Even in this progressive age, religious uncertainties still abound as we approach Holy Season, which begins with St. Martin’s Day on January 16 and extends throughout Black History Month. This was made dramatically clear last week at a college near where I live, a place that has demoted the ancient Christian holiday that falls on December 25 and the weeks leading up to it as “holiday season.”
Meanwhile the institution is making every effort to commemorate MLK’s trials and martyrdom. Considering his stature, the customary one-day celebration was deemed inadequate, so they are preparing for a weeklong celebration of their twentieth-century savior. The sacred week will be devoted to recounting America’s racist past, what remains to be done to overcome that past, and most importantly, the question of whether King’s pronouncements can help advance gay and transvestite agendas.
When asked to submit lecture proposals, only one faculty member bothered to respond, but since this wiseacre had the temerity to question King’s spiritual purity, he was immediately turned down. Still, there’s no reason to suspect that other faculty members were equally irreverent. One retired professor wrote to his colleagues that the proposed celebration did not dwell sufficiently on Southern wickedness. He also said the college was not doing enough to exalt King, given what this truly heroic figure had done to raise us out of our bigotry.
The college community was peacefully and reverentially preparing for January 16 until someone expressed an idea that befouled the worshipers as if a garbage truck’s contents had been dumped on their heads. This disruption is equivalent to the controversy over Christ’s divinity that wracked the early Christian world. The person who set it off belonged to the college’s venerable Center for Global Citizenship and was helping to plan an international dinner to be served for foreign students on the academic liturgical calendar’s holiest day. In his childlike simplicity he suggested including a large fleshy-centered fruit called “w————n.”

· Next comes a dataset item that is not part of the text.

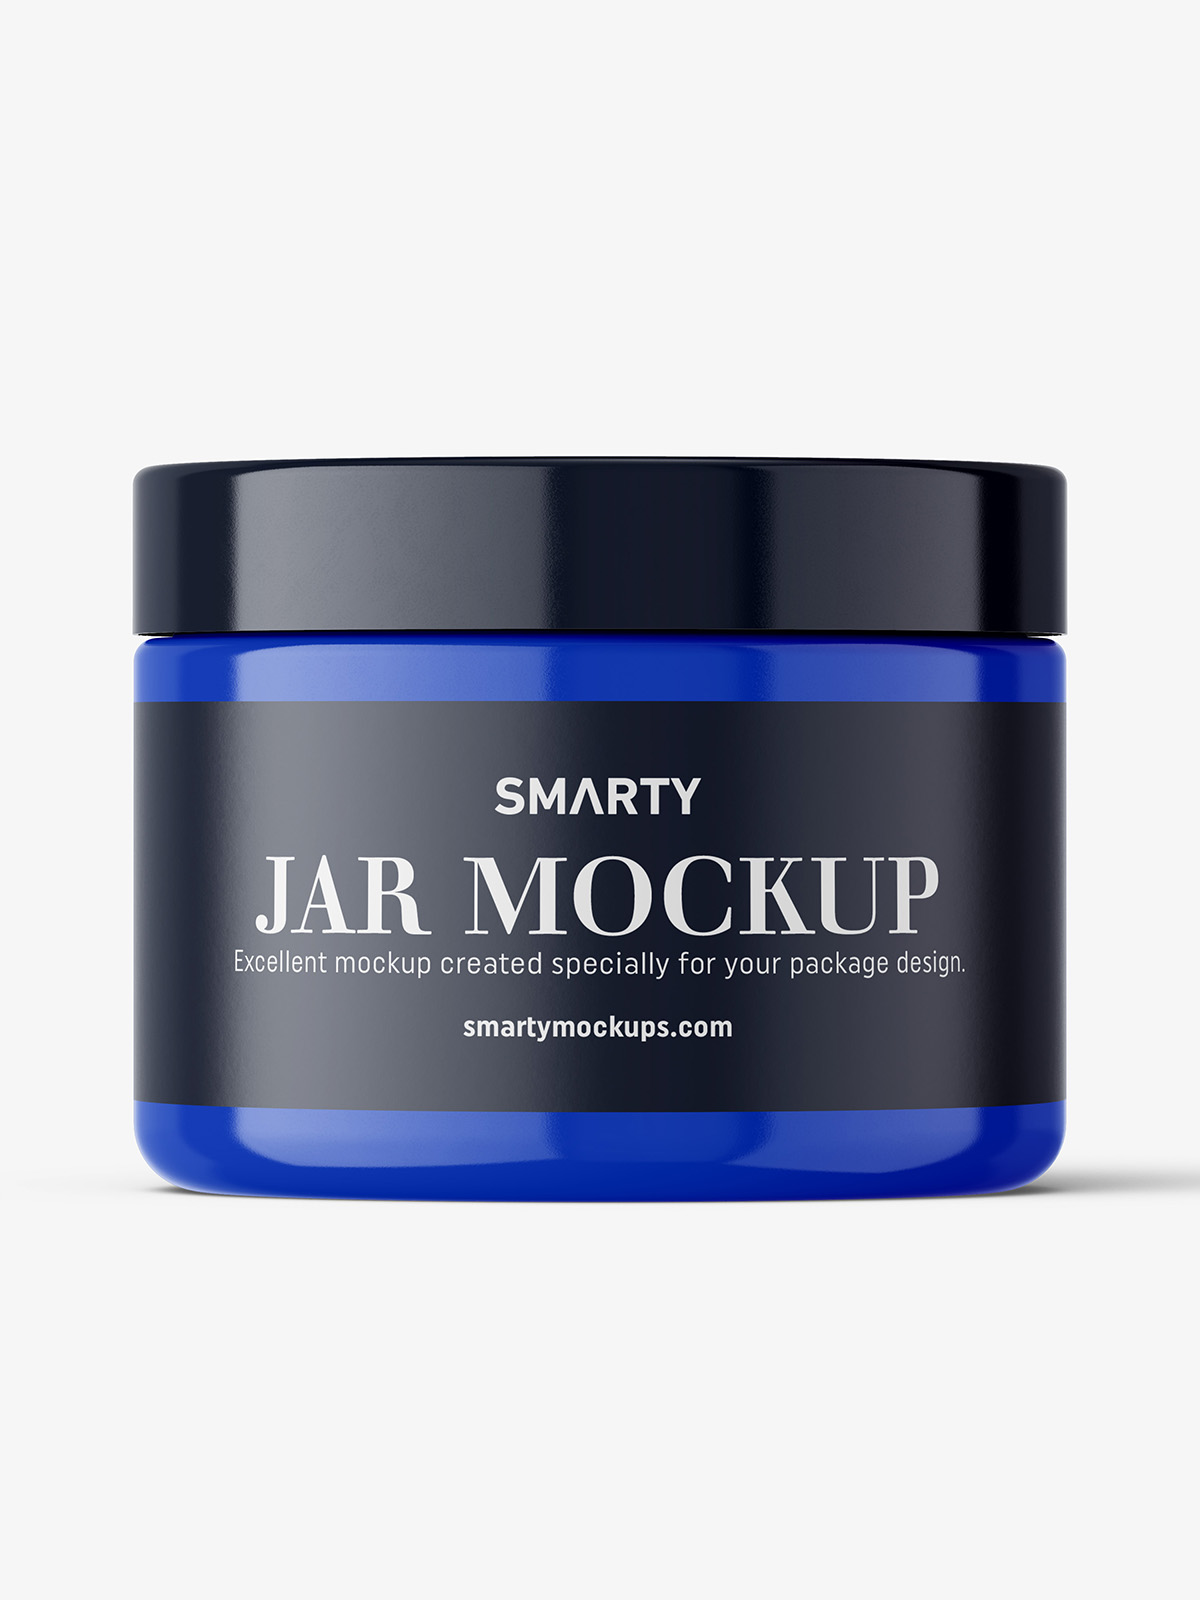 Glossy cosmetic jar mockup - Smarty Mockups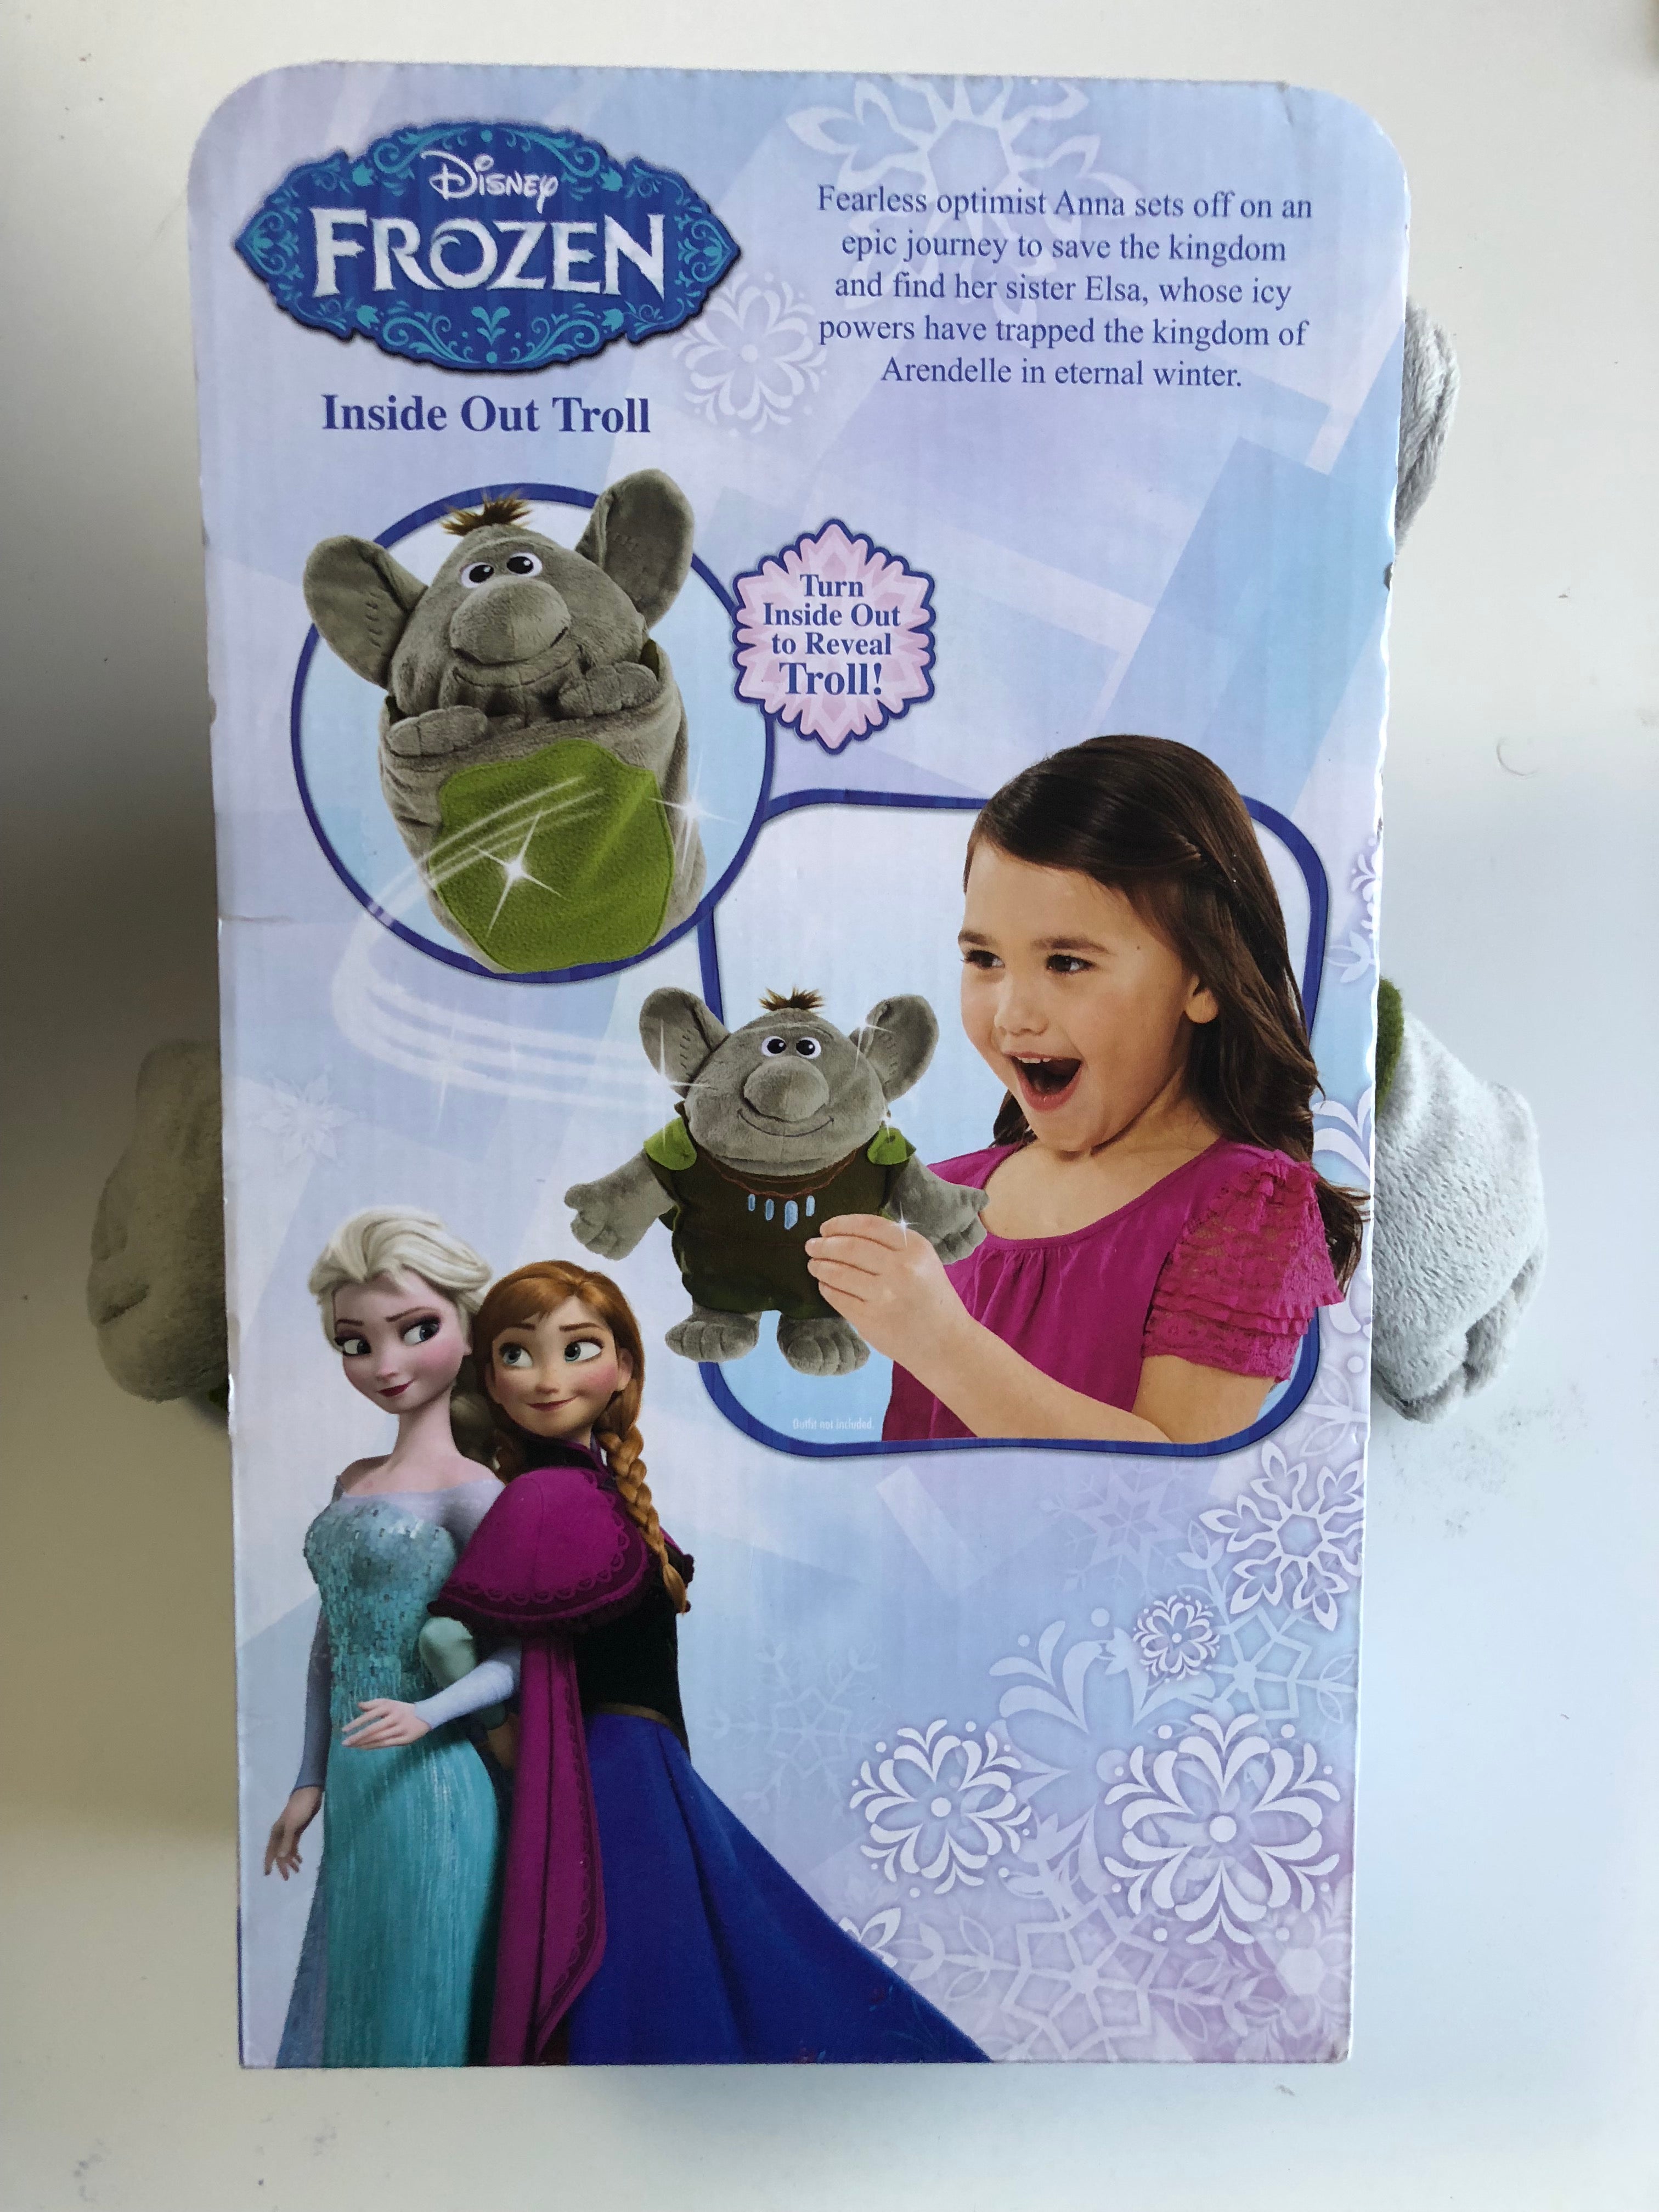 Disney Frozen Turn Inside Out to Reveal Troll Plush Toy Olaf Elsa Anna Arendelle Kingdom

Rather thoughtlessly, the committee was planning a festive menu without beseeching the approval of their religious superior—the black female Director of Diversity. Had they acted through the designated chain of authority, the ensuing controversy would not likely have arisen. The lower clergy would have known it was acting in a way that ran contrary to the teachings of the Church of Political Correctness, whose highest campus official is the diversity-directing minority lady. Similar grave oversights may have led to Christendom’s split in the sixteenth century, if one may be allowed to compare the present moment of high sensitivity to outdated religious superstitions.
The Director of Diversity issued a pronouncement emphatically prohibiting her flock from serving w————n on the Feast of St. Martin. The prelate explained that w————n is a “symbol of oppression to all black people,” thus it would be racist to serve at a college event. To their credit, those associated with Global Citizenship immediately withdrew their menu suggestion and have acted contritely ever since. But what sort of benighted being wouldn’t recognize the gravity of this offense on their own? They had ignored repeated warnings that a prohibition would be coming. For months the Director had lamented the fact that the forbidden fruit was being served on campus. But others chose to ignore these cries of despair.
Still, it would be nice if the college’s highest ecclesiastical official spoke conclusively about how far the prohibition extends. This lady has been all too taciturn in engaging a question of deep moral and ritual significance. A clergyman who is still vaguely associated with the now-vanquished Christian religion has appealed to the Office of Diversity for further clarification. Are we about to see a political scandal erupt if the fruit were to appear again on campus? The college’s future may involve a local Watermelongate.
Will students still be permitted to eat w————n in the dining hall? What about their dorm rooms and while snacking between classes? Perhaps there will be differing degrees of prohibition, depending on whether or not one is pursuing the path to PC perfection. Students might be allowed to munch on the fruit in private, but for those seeking absolute sensitivity, it will be necessary to practice total abstinence.
I have picked a middle path. Since I am hopelessly addicted to the fruit of sin and buy it even during the winter when it has to be imported from Chile, I could not give up eating it. But I can show verbal restraint by not mentioning the word designating that green thing with the red juicy pulp in the middle. That’s the least I can do to exhibit solidarity with those true believers.
There are other repercussions to be feared. Fights may soon be breaking out in the dining hall if the dreaded red stuff shows up in a fruit salad and students are unclear about how to address such a grave situation. Should they throw the pollutant into the garbage can, or are they supposed to burn the red, pulpy matter lest they contaminate themselves with a “racist” substance? What does a fastidious practitioner of PC do if some of the contaminant gets on his/her shoes while he/she’s walking near a supermarket? Is he/she required to destroy the shoes lest they become polluted by contact with racism? What should I do if I accidentally blurt out the horrible word at a fruit counter? Is there some penance I’ll have to peform, such as reciting the “I Have a Dream” speech fourteen times or attending the College Diversity Committee’s monthly meeting? Those of us who are not fully sensitized beg for instruction.